Regarding the BRB–N version B scores, we found them slightly higher only for the verbal (total learning) and visuospatial memory (delayed recall) tests when compared to version A and these findings were not attributable to gender, education or age differences. Although our sample size for the BRB–N version B test was relatively small, it is interesting that previous studies have found similar results for the SpRT (delayed recall) but not for the verbal memory test[7],[8]. For example, Amato et al. have found higher scores in all BRB–N version B subtests except in the SRT total learning (CLTR and LTS)[8]. Nevertheless, in order to be used longitudinally with reliable results, both versions should be equivalent. Thus, even though the higher scores of the SRT version B may have been influenced by its smaller sample size, we need further studies comparing SRT versions A and B with equivalent words regarding length, frequency of use, and category membership. Subsequently, further research with more individuals performing version B will be able to address whether this version is suitable for longitudinal usage of the battery.

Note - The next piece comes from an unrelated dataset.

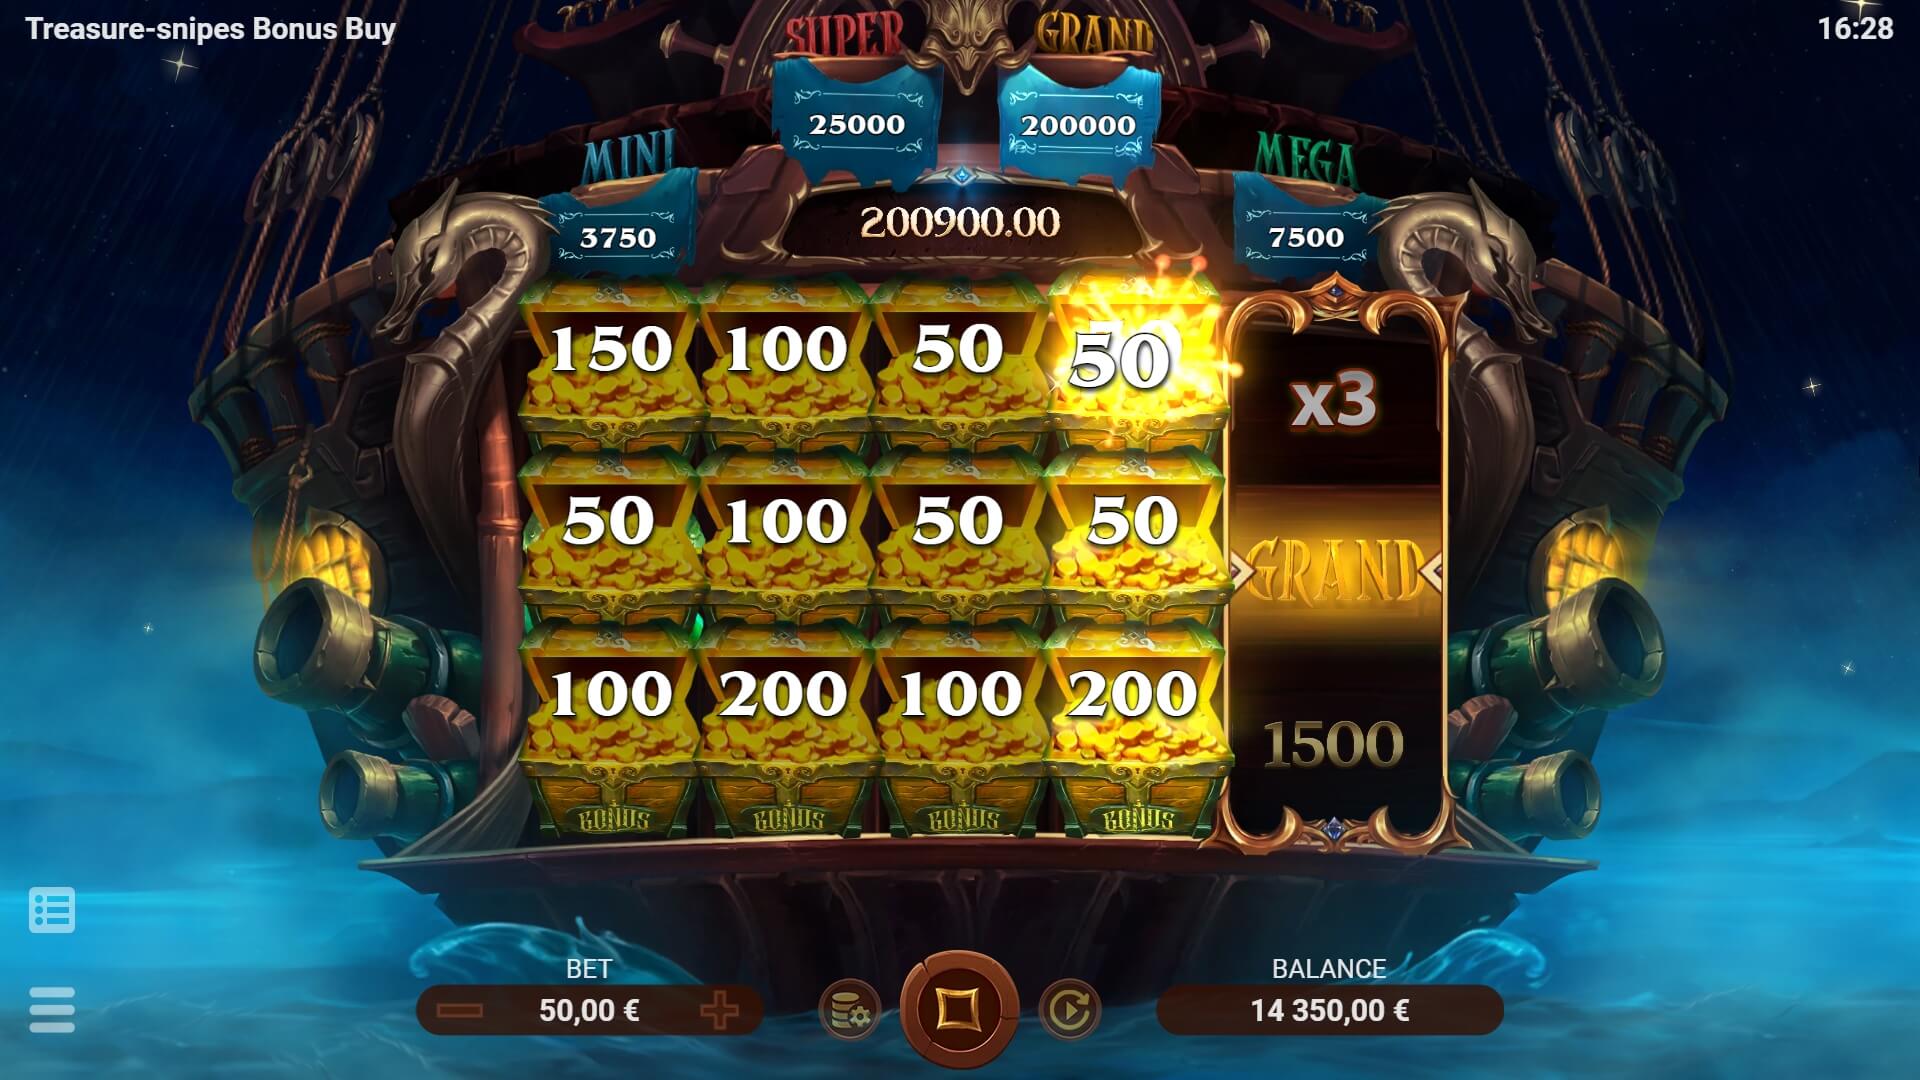 Treasure-snipes Bonus Buy Evoplay slotxo mobile
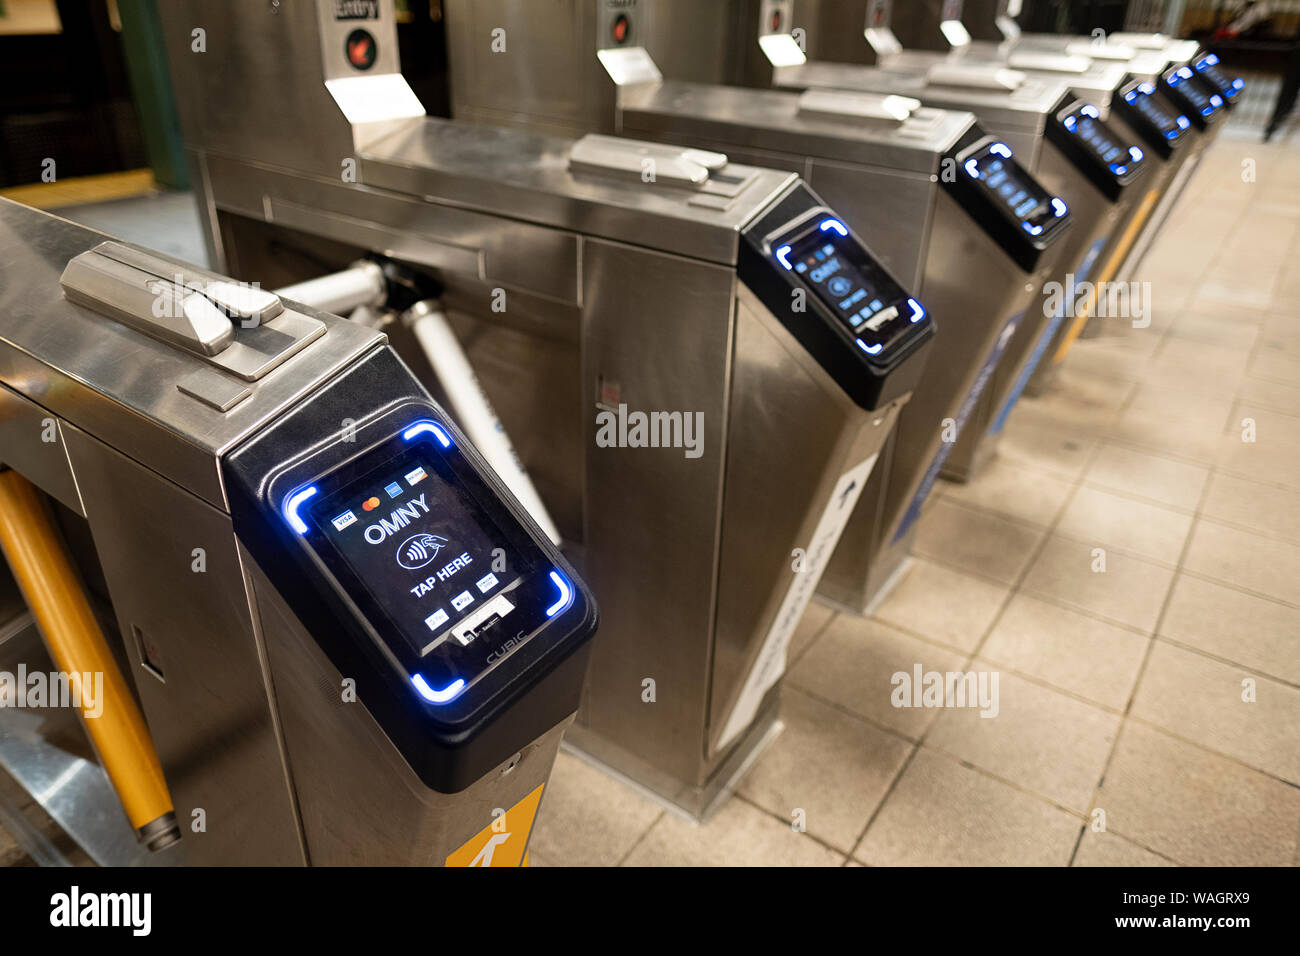 Nouvelle technologie OMNY pour paiement du tarif de transport public de New York. À East 33rd Street station sur la ligne 6 à Manhattan. Banque D'Images

Also in line with previous results, we found that demographic characteristics, and especially age and education, were significantly related to all neuropsychological measures, except the Paced Auditory Serial Addition Test, where there was a trend for only sex and age[7],[8]. Sex was only associated with the Word List Generation score. These findings reinforce the need for adjusting raw scores for demographic variables when interpreting neuropsychological test scores.
In conclusion, our normative data allow a more widespread use of the BRB–N in clinical practice and research, providing both discrete and continuous norms. However, discrete norms should be used with caution, and demographically–adjusted scores are generally preferable when interpreting neuropsychological test scores.